From: Oren Laadan <orenl-eQaUEPhvms7ENvBUuze7eA@public.gmane.org>
To: "Serge E. Hallyn" <serue-r/Jw6+rmf7HQT0dZR+AlfA@public.gmane.org>
Cc: Linux Containers <containers-qjLDD68F18O7TbgM5vRIOg@public.gmane.org>
Subject: Re: [PATCH] Restore task fs_root and pwd (v2)
Date: Wed, 20 Jan 2010 15:28:13 -0500 [thread overview]
Message-ID: <4B57675D.8080609@cs.columbia.edu> (raw)
In-Reply-To: <20091228183948.GA19788-r/Jw6+rmf7HQT0dZR+AlfA@public.gmane.org>
Very necessary !
See comments inline.
Serge E. Hallyn wrote:
> Checkpoint and restore task->fs.
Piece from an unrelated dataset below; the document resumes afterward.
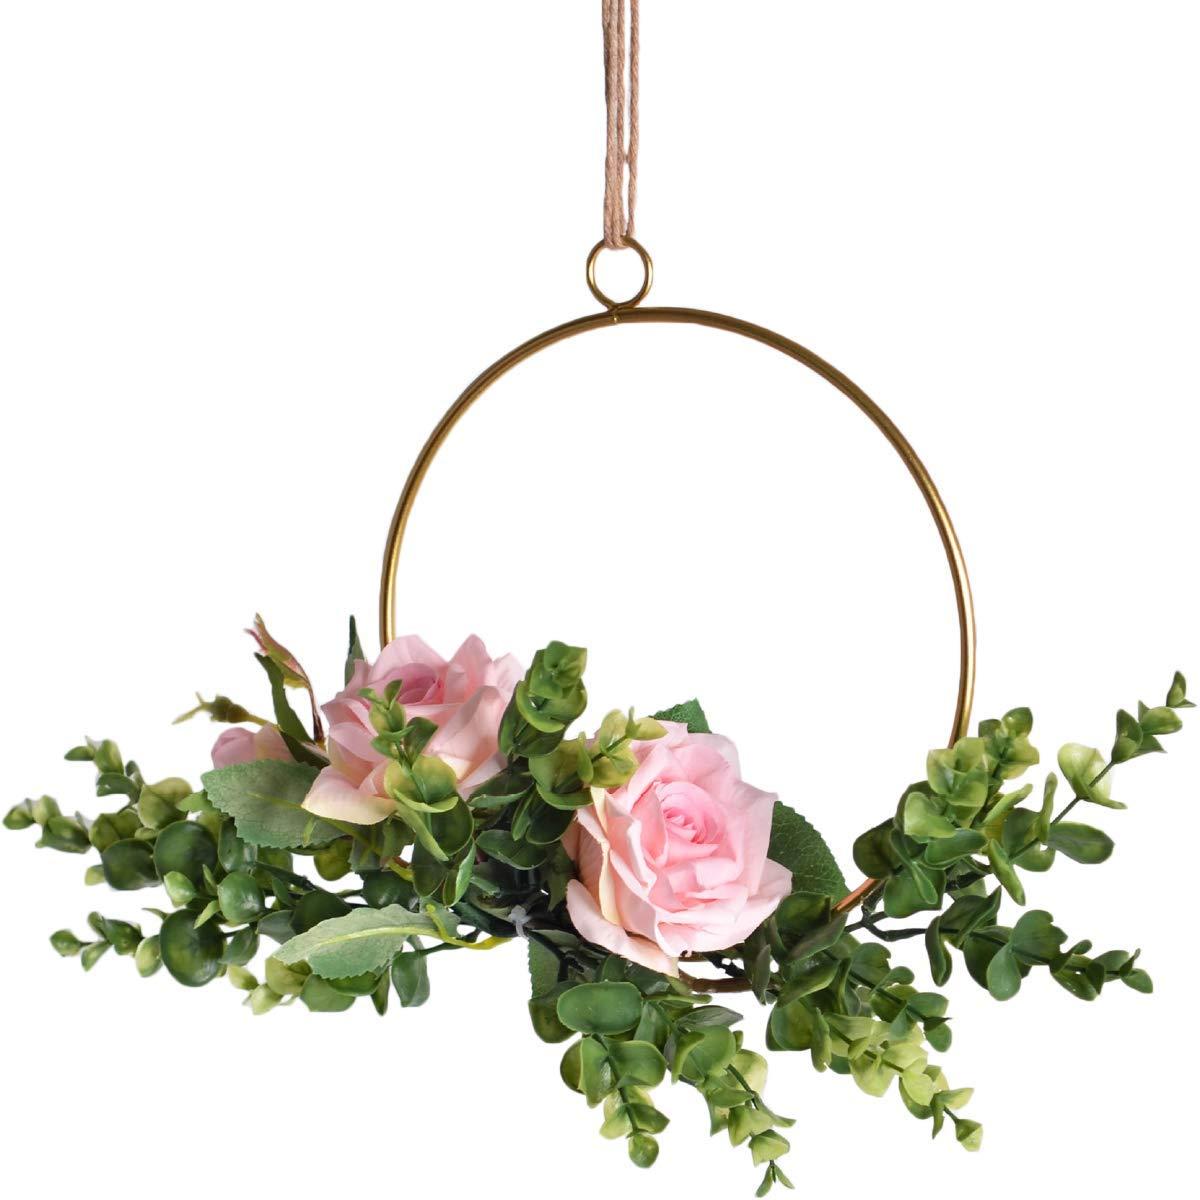 Pauwer Kranz 3er Set Handgefertigt Rose Blumenkranz mit Eukalyptus Golden Metall Ringe Blumen Hoop Wandkranz f/ür Zuhause T/üren Rose Floral Hoop Set of 3 Hochzeiten Parties

Tasks sharing task->fs will
> share them again after restart.
>
> Changelog:
> Dec 28: Addressed comments by Oren (and Dave)
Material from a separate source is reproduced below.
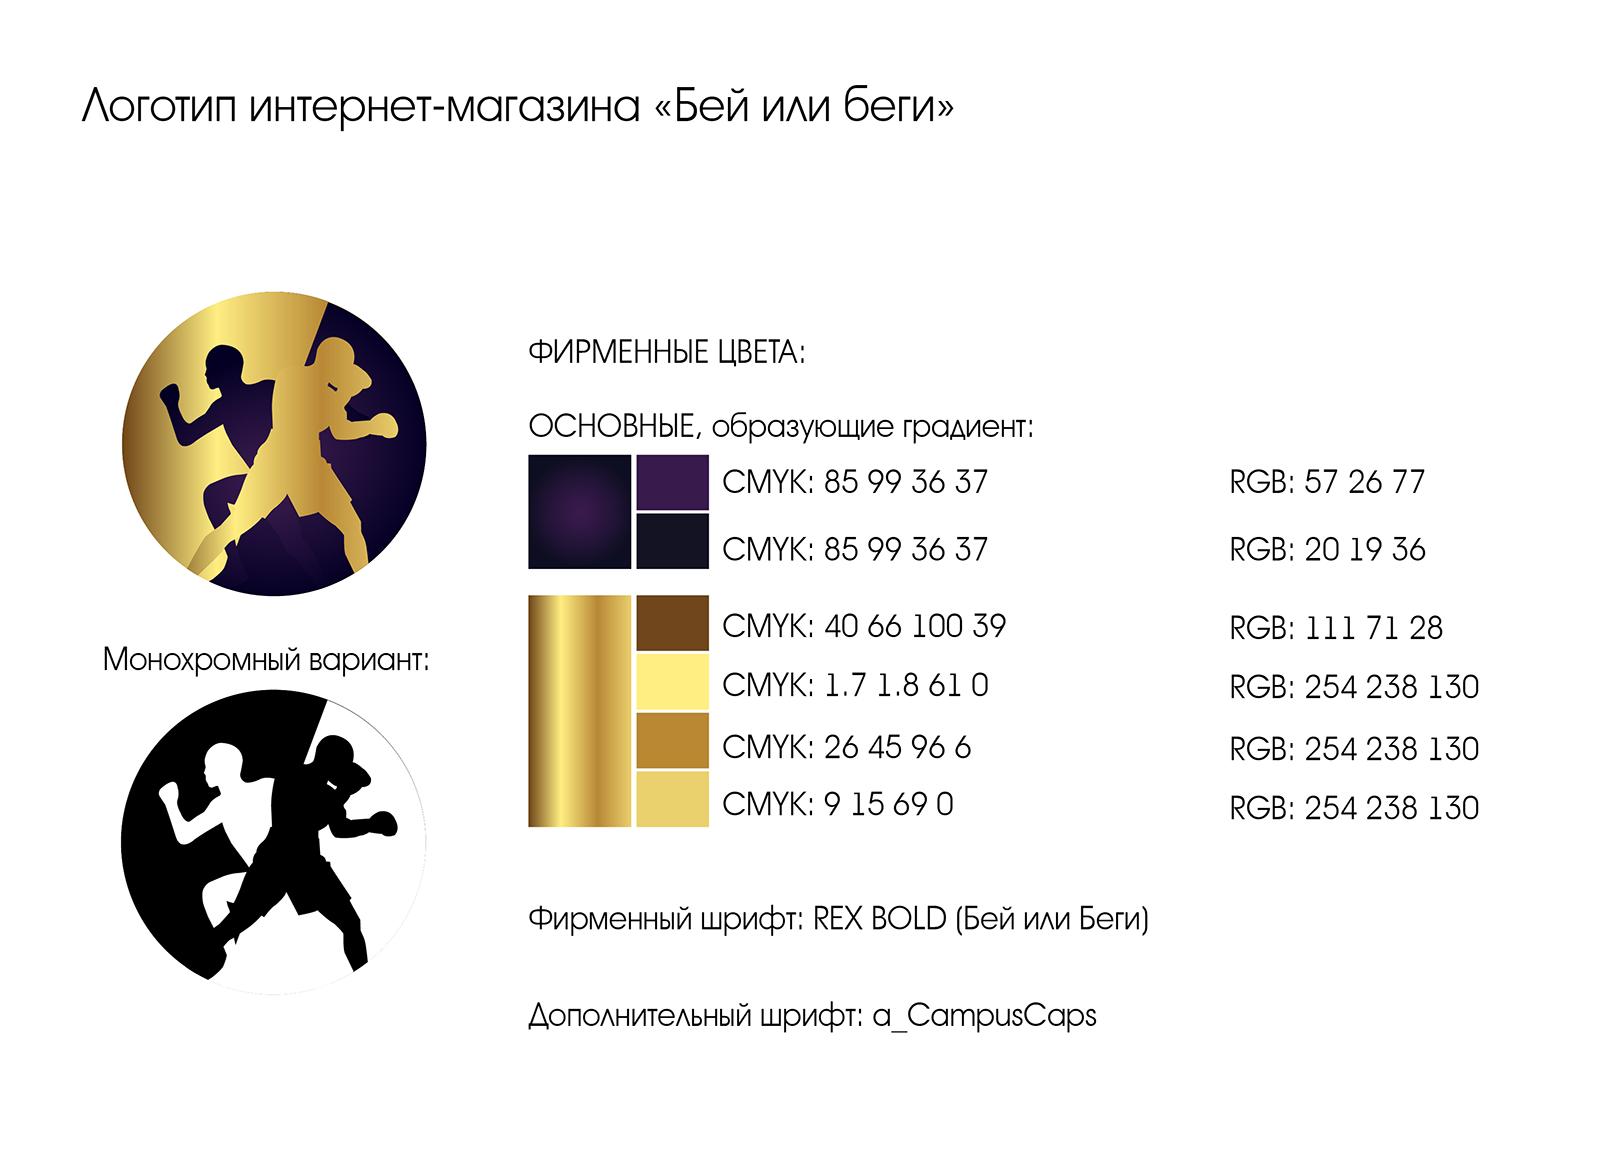 Мы с дизайнером подумали, что золотой и фиолетовый — премиальные и дорогие цвета, поэтому выбрали их длялоготипа

> 1. define and use {get,put}_fs_struct helpers
> 2. fix locking comment
> 3. define ckpt_read_fname() and use in checkpoint/files.c
>
> Signed-off-by: Serge E. Hallyn <serue-r/Jw6+rmf7HQT0dZR+AlfA@public.gmane.org>
> ---
> checkpoint/files.c | 197 +++++++++++++++++++++++++++++++++++++++-
> checkpoint/objhash.c | 9 ++
> checkpoint/process.c | 13 +++
> fs/fs_struct.c | 21 ++++
> fs/open.c | 53 ++++++-----
> include/linux/checkpoint.h | 10 ++-
> include/linux/checkpoint_hdr.h | 10 ++
> include/linux/fs.h | 4 +
> include/linux/fs_struct.h | 2 +
> 9 files changed, 293 insertions(+), 26 deletions(-)
>
> diff --git a/checkpoint/files.c b/checkpoint/files.c
> index b622588..d6cf945 100644
> --- a/checkpoint/files.c
> +++ b/checkpoint/files.c
> @@ -24,6 +24,9 @@
> #include <linux/checkpoint_hdr.h>
> #include <linux/eventpoll.h>
> #include <linux/eventfd.h>
> +#include <linux/fs.h>
> +#include <linux/fs_struct.h>
> +#include <linux/namei.h>
> #include <net/sock.h>
>
>
> @@ -449,10 +452,81 @@ int ckpt_collect_file_table(struct ckpt_ctx *ctx, struct task_struct *t)
> return ret;
> }
>
> +int checkpoint_get_task_fs(struct ckpt_ctx *ctx, struct task_struct *t)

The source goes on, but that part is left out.